Any pics of planted viv layouts would be nice!!!


----------



## snake in the grass (Jul 12, 2010)

Hi
2 of my planted 45x45x60 tall eco terras

Pygmy Chameleons









Green anoles.


----------



## irish1759 (May 15, 2012)

Wow, those planted tanks are wicked. Can you list what you did with the 2nd tank. Like what decor you did.


----------



## snake in the grass (Jul 12, 2010)

irish1759 said:


> Wow, those planted tanks are wicked. Can you list what you did with the 2nd tank. Like what decor you did.


Thanks dude!
The link below will give you the basics of what I did with the soil, drainage lair and background. You will also find loads of step by step instructions for planted vivs on here. This one just happened to be on my bookmarks tho.
I have 4 live plants on the bottom with moss and oak leaves, and 2 fake plants up top.
Also have some custodians to keep things clean.
Hope this helps, better than me trying to explain.

Pygmy Chameleon's(basics for a planted viv)


----------



## irish1759 (May 15, 2012)

Thanks for the reply, does look good. But whats a custodian.


----------



## irish1759 (May 15, 2012)

Oh doesn't matter seen them on the link you gave me. Are the custodians ok for crestie gecko. Also not sure if u can answer this but I only have a baby crestie. But looking to get bigger tank.

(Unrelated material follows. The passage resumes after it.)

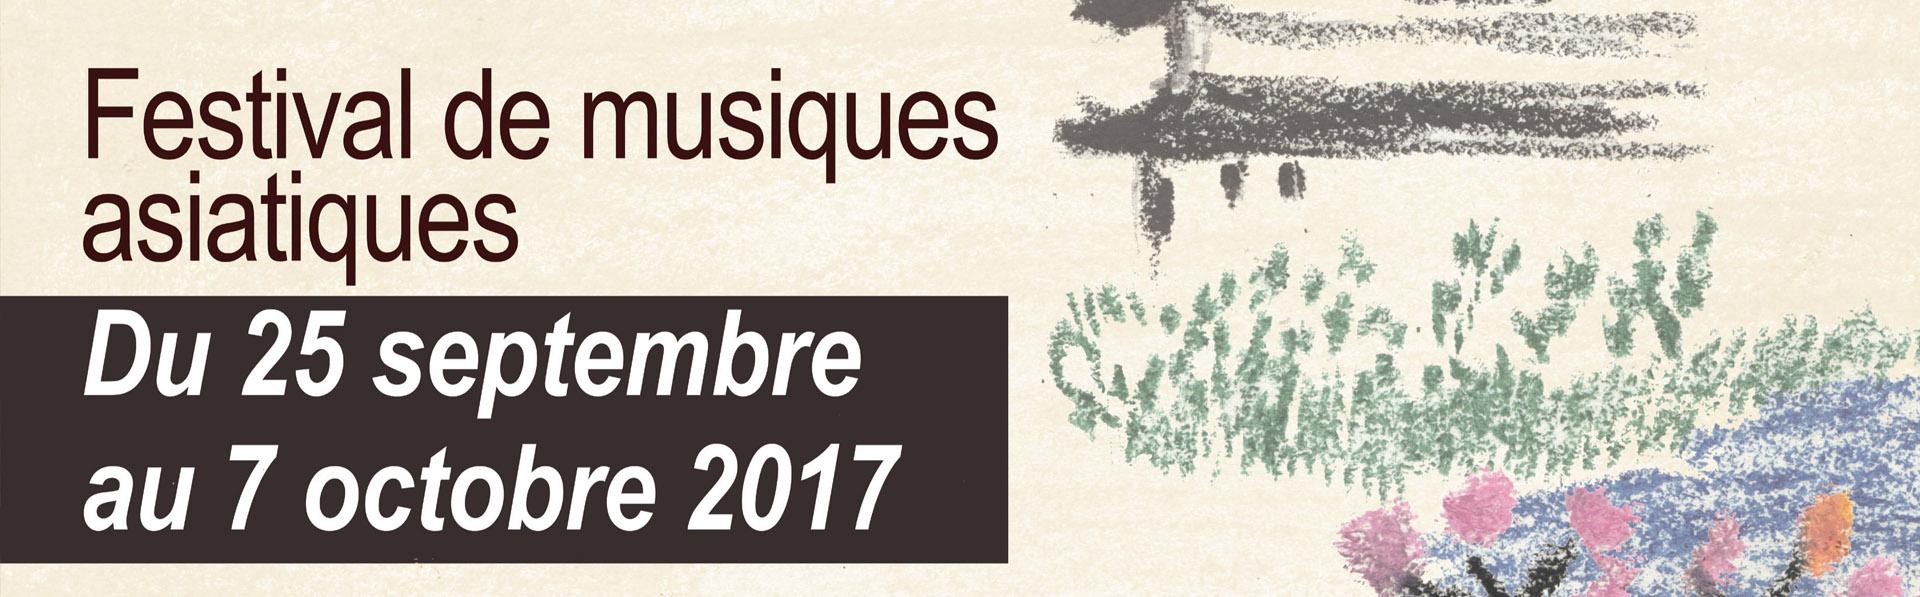 20172009-festival-de-musiques-asiatiques-pour-la-fete-de-la-lune-2017-paris - bannière-Fête-de-la-lunemairie-1-copy.jpg
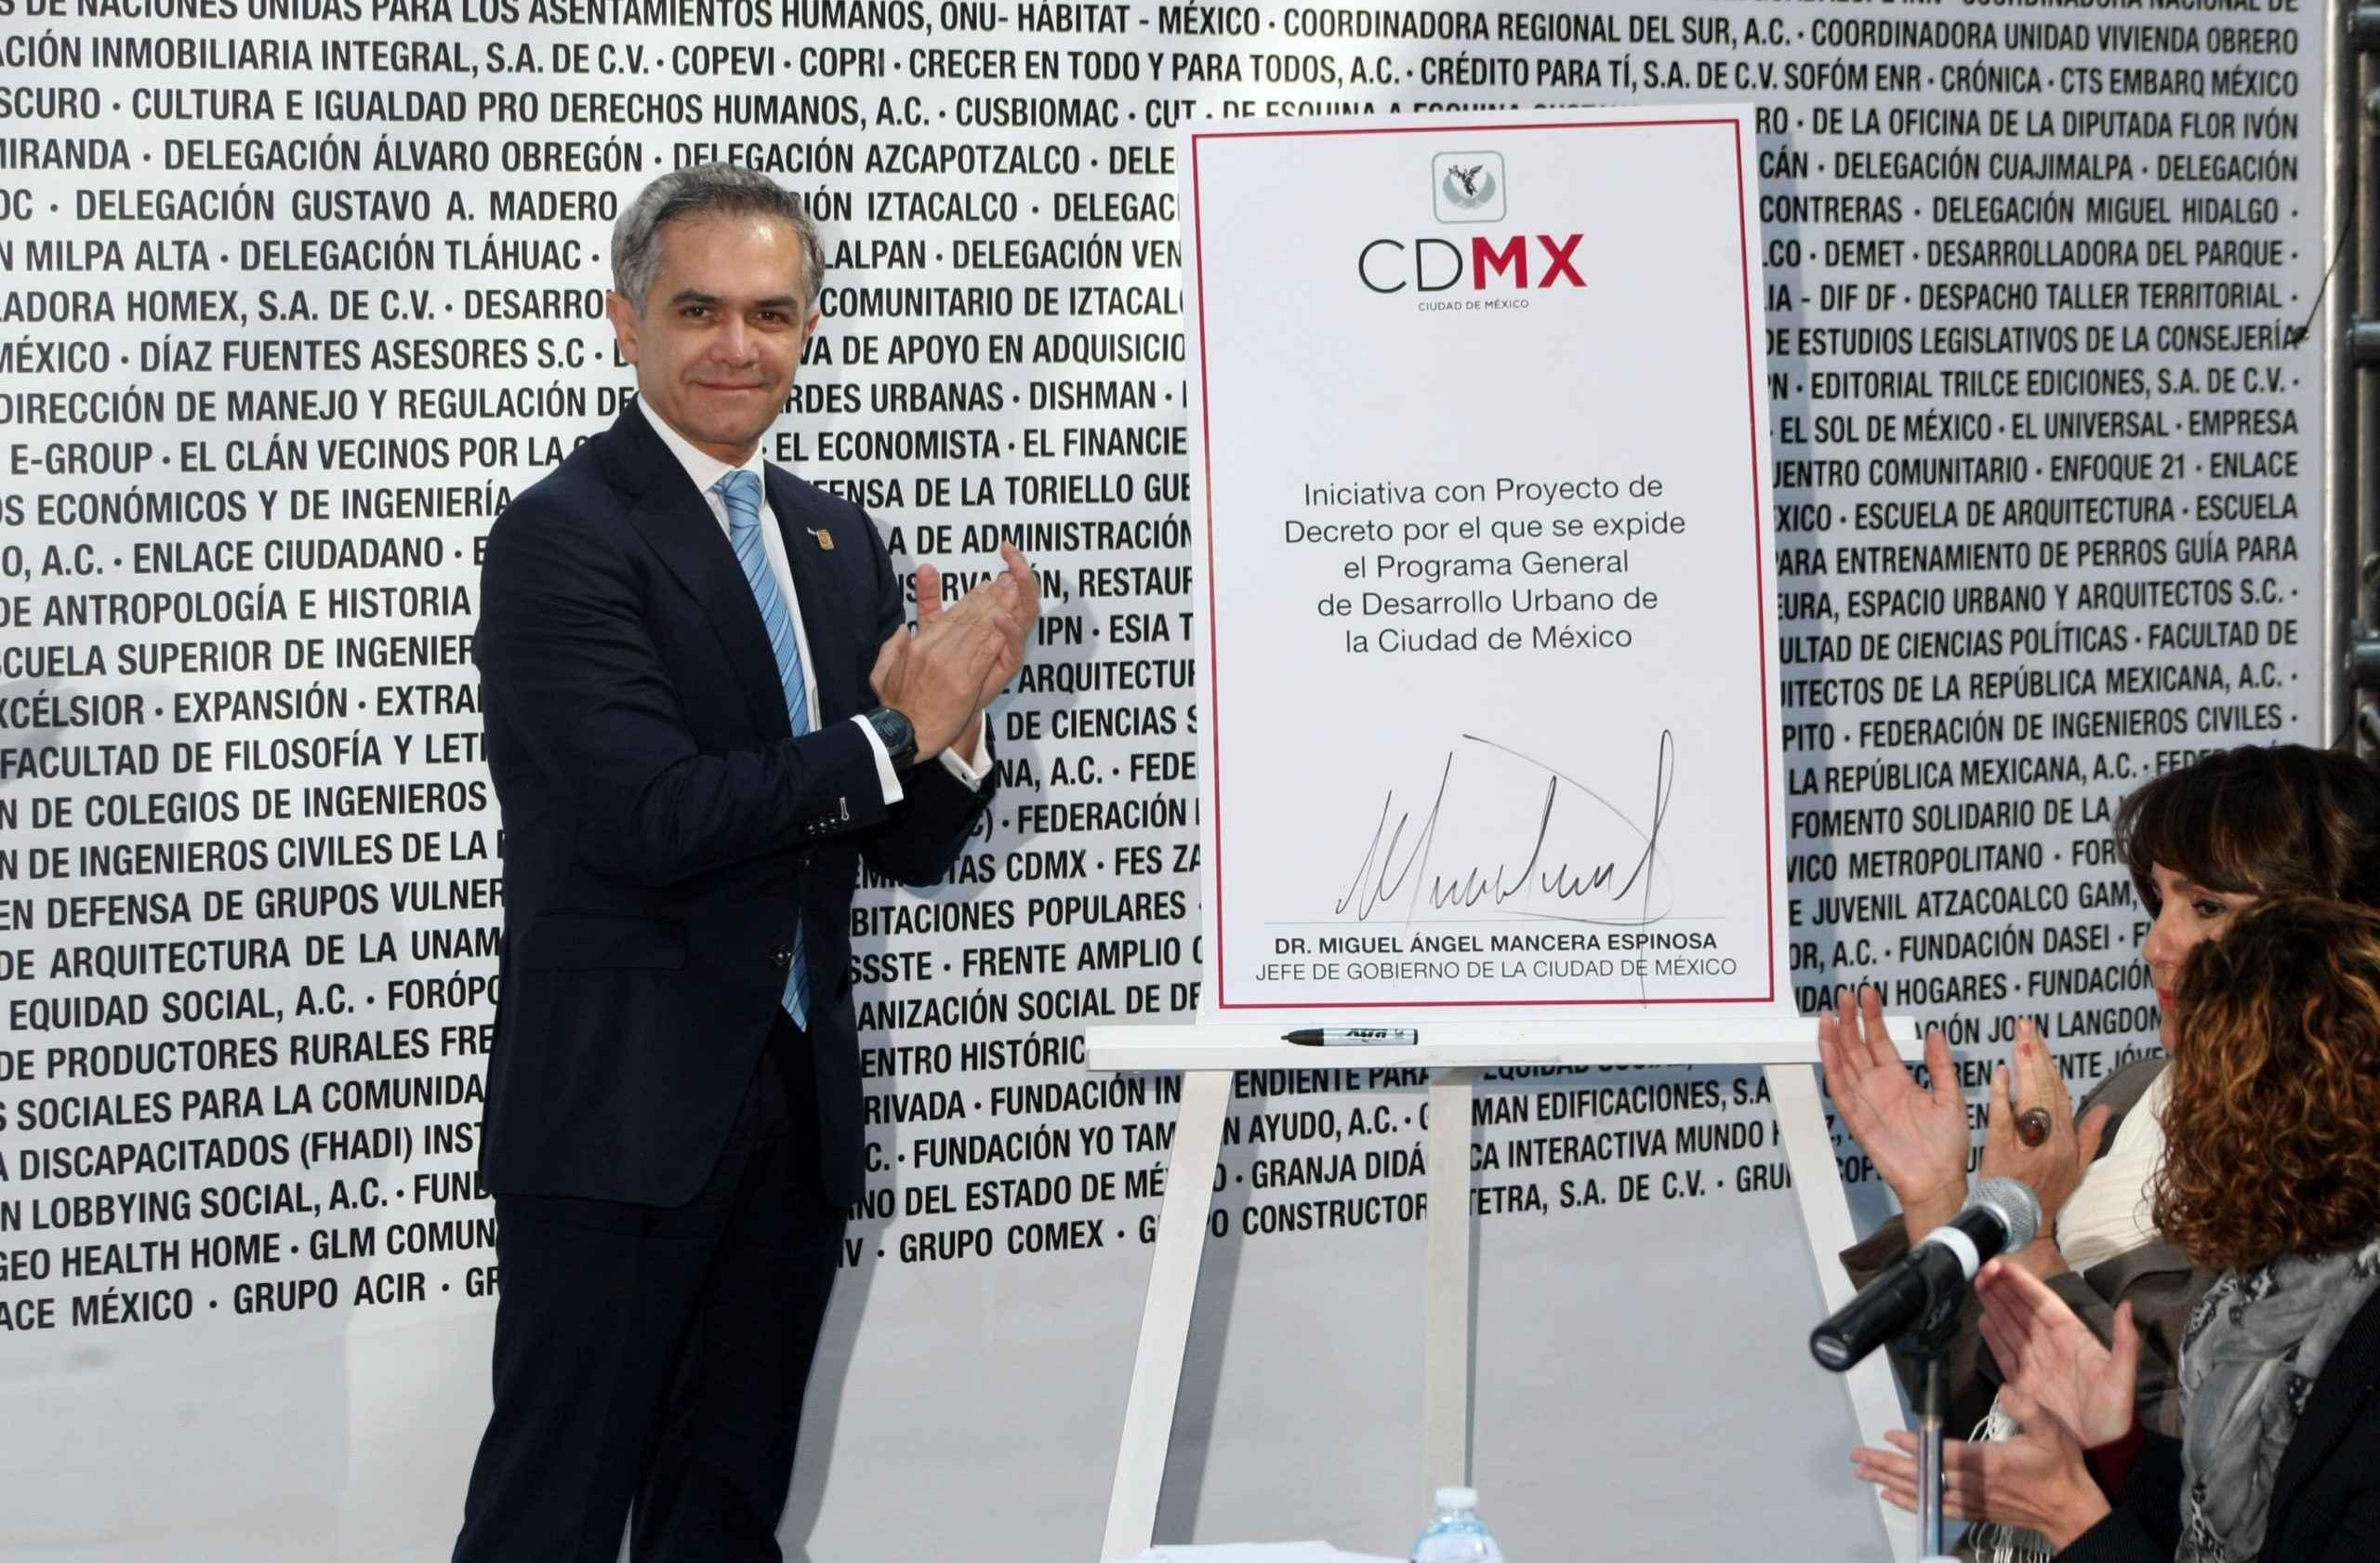 Líneas de transporte y factibilidad de agua marcarán desarrollo en la CDMX

He is in a 30x30x45. I seen a komodo tank size 60x30x45. Would this be ok for two adults if I decided to get another gecko.


----------



## snake in the grass (Jul 12, 2010)

irish1759 said:


> Oh doesn't matter seen them on the link you gave me. Are the custodians ok for crestie gecko. Also not sure if u can answer this but I only have a baby crestie. But looking to get bigger tank. He is in a 30x30x45. I seen a komodo tank size 60x30x45. Would this be ok for two adults if I decided to get another gecko.


Yes totally fine.
What dimesions are they? length x width x height ?


----------



## irish1759 (May 15, 2012)

Length is 60, height 45 and depth 30cm it's just that I have a shelf that depth. I have seen two cresties in 45x45x45. Just wasn't sure as new to this


----------



## snake in the grass (Jul 12, 2010)

irish1759 said:


> Length is 60, height 45 and depth 30cm it's just that I have a shelf that depth. I have seen two cresties in 45x45x45. Just wasn't sure as new to this


I think they do better with height than anything else. The 30cm is prob a bit to narrow. I would personally go with 45x45x60 (LxWxhH) minimum for 2.


----------